What makes good level design? PhD and educator McMillan -- who's worked with Ubisoft to create a curriculum for game design -- examines how point of view effects players, showcasing a variety of gameplay scenarios which show different tactical choices players may be confronted with.
There are various means of understanding how the perception of 3D spaces in games changes the player's emotional state.
One methodology used in level design is that of architectural perspective -- the relationship of the player and the spaces that they occupy at any given time. Many implementations of this approach do not consider more dynamic relationships involving the player, other agents and the environment.
This article looks at dynamic relationships within 3D space in order to understand how we can use dynamic objects in conjunction with level geometry to adjust game difficulty and the player's emotional state. To achieve this goal, this article will take the novel approach of evaluating the tactics of players in the context of modern, 3D FPS games.
In order to take a rational approach to the design of 3D game spaces, we need to identify a number of metrics. The primary metric that alters difficulty is player line of sight. The greater a player's line of sight, the more able they are to plan ahead and think strategically about the game world.
Greater line of sight also allows the possibilities for a larger amount of tactical options, as the player will have more time to plan and also a greater situational awareness. On the other hand, reducing the player's line of sight will result in disadvantaging the player, as they will have less situational awareness and less time to act to certain problems.
I must point out that this observation is in relation primarily to the FPS genre. If we were to phrase this in broader terms, we could make the same conclusions by citing a player's "situational awareness"; however, as this article is level design-centric, I will instead dissect this notion of line of sight.
We can measure line of sight using two key principles: the angle created by geometric field of view (GFOV) as well as the fidelity of graphical resolution, which will tell us how far the player can accurately see. (Figure 1)
When dealing with the rendering of 3D spaces, we are primarily concerned with the geometric field of view (Figure 2). The GFO is the most commonly discussed type of field of view metric, as this field of view is that of the player's camera. The width is represented as an angle that measures the horizontal span of the frustum. The far clipping plane is the point at which the game engine stops rendering. We sometime hear this referred to as "draw distance". Complex rendering systems will express this element of visual acuity in "arc minutes."
Less discussed is the concept of display field of view, or DFOV (Figure 3). This is the field of view dictated by the player's distance to display and the size of the display that they are playing the game with. Interestingly, the DFOV plays an exceedingly important role in the navigation and subsequent difficulty of 3D space, but only for female gamers. Research conducted by Tan, Czerwinski, and Robertson (2006) suggests that female players have the most to gain when the DFOV and GFOV angle is a 1:1 relationship. Interestingly, males seem to be far less affected in their navigation of 3D spaces when this relationship is changed, even dramatically.

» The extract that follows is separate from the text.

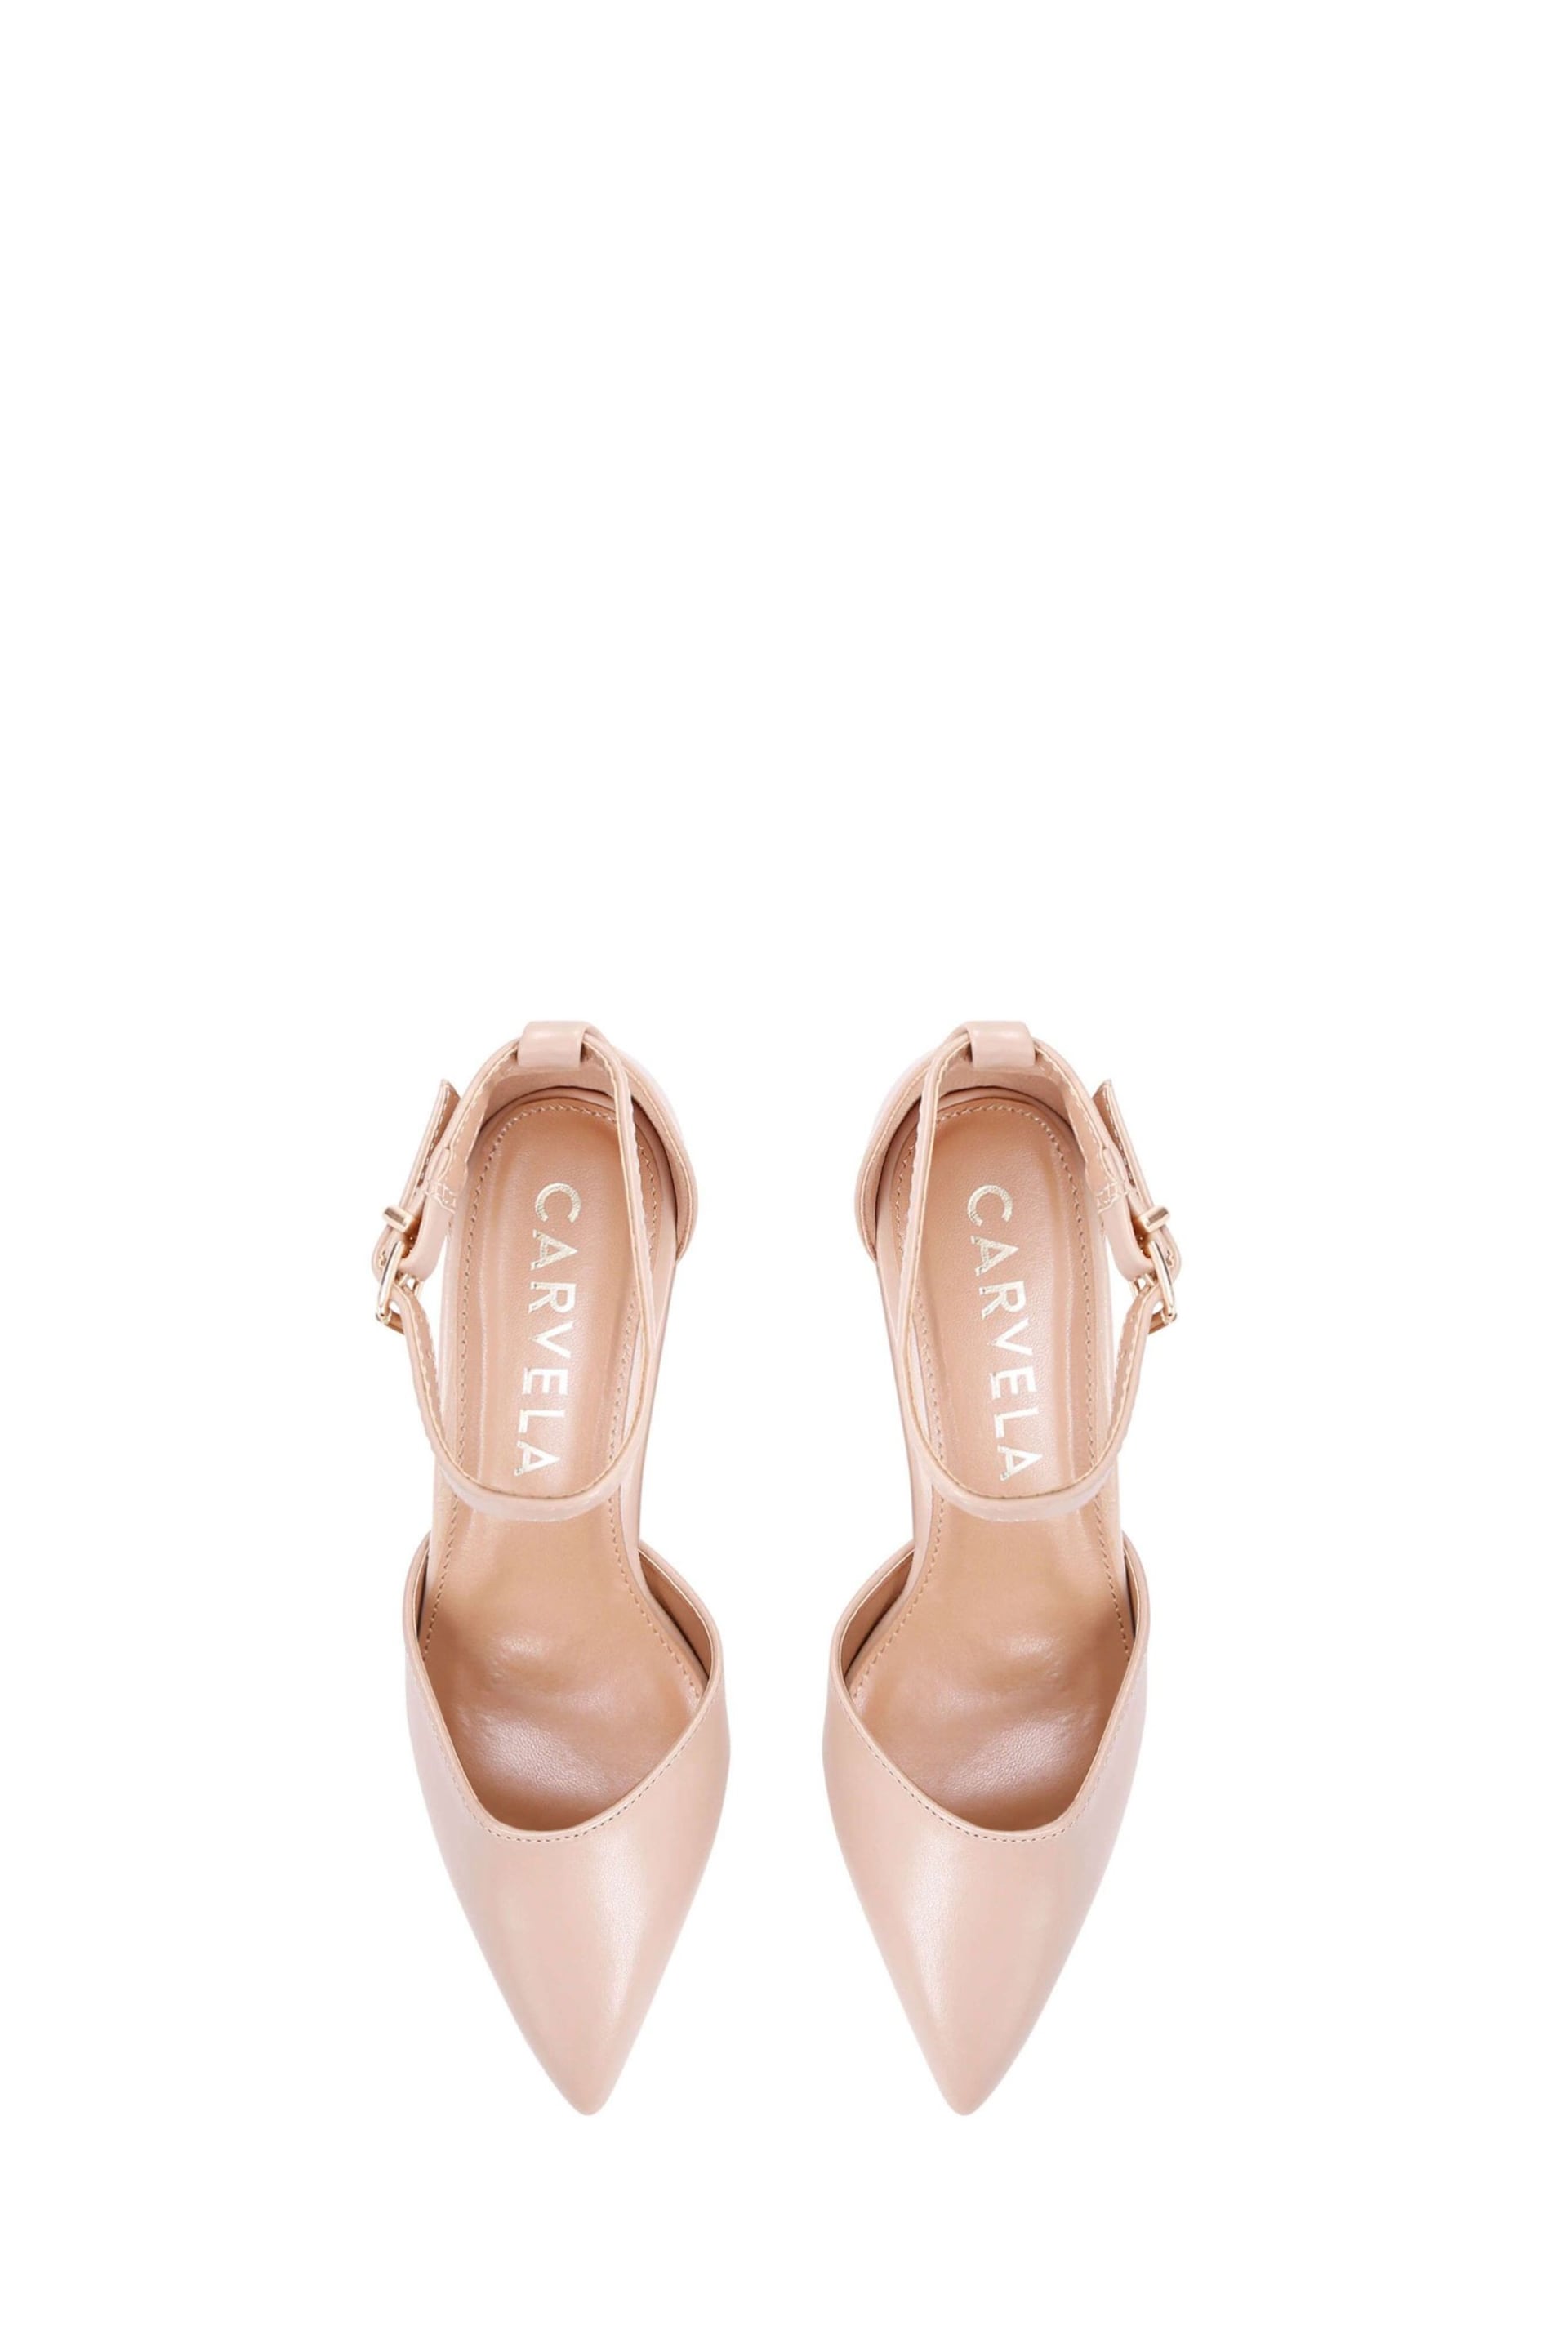 Carvela Refined Court Shoes - Image 3 of 5

A portal is any game device that allows for greater-than-usual line of sight. We could consider a gantry that surrounds an upper level of a factory level as a type of portal, as the player is able to use the open floor plan to gain a view of the floor beneath them (Figure 4). This is why we often see players taking the "high ground" in a tactical scenario, as the height elevation allows for a greater situational awareness as opposed to if the player remained on the lower parts of the map. Windows and doorways also constitute portals within game levels.
Any type of weapon of game object that allows the player to have greater control over their view of the virtual world is extremely powerful. Weapons like the sniper rifle, which its ability to increase line of sight, are extremely powerful as a consequence. These powerful abilities, however, are usually compromised in some way. The sniper rifle, although giving the player greater line of sight, will always reduce the player's GFOV (Figure 5). Or the homing rocket used in Unreal Tournament will leave the player exposed to attack whilst in use.
Occluders can also modify graphical fidelity, and subsequently limit peripheral vision, or the player's view distance. The flashlight used in Doom 3 is one of the best examples of an occluding device that does both of these things (Figure 6).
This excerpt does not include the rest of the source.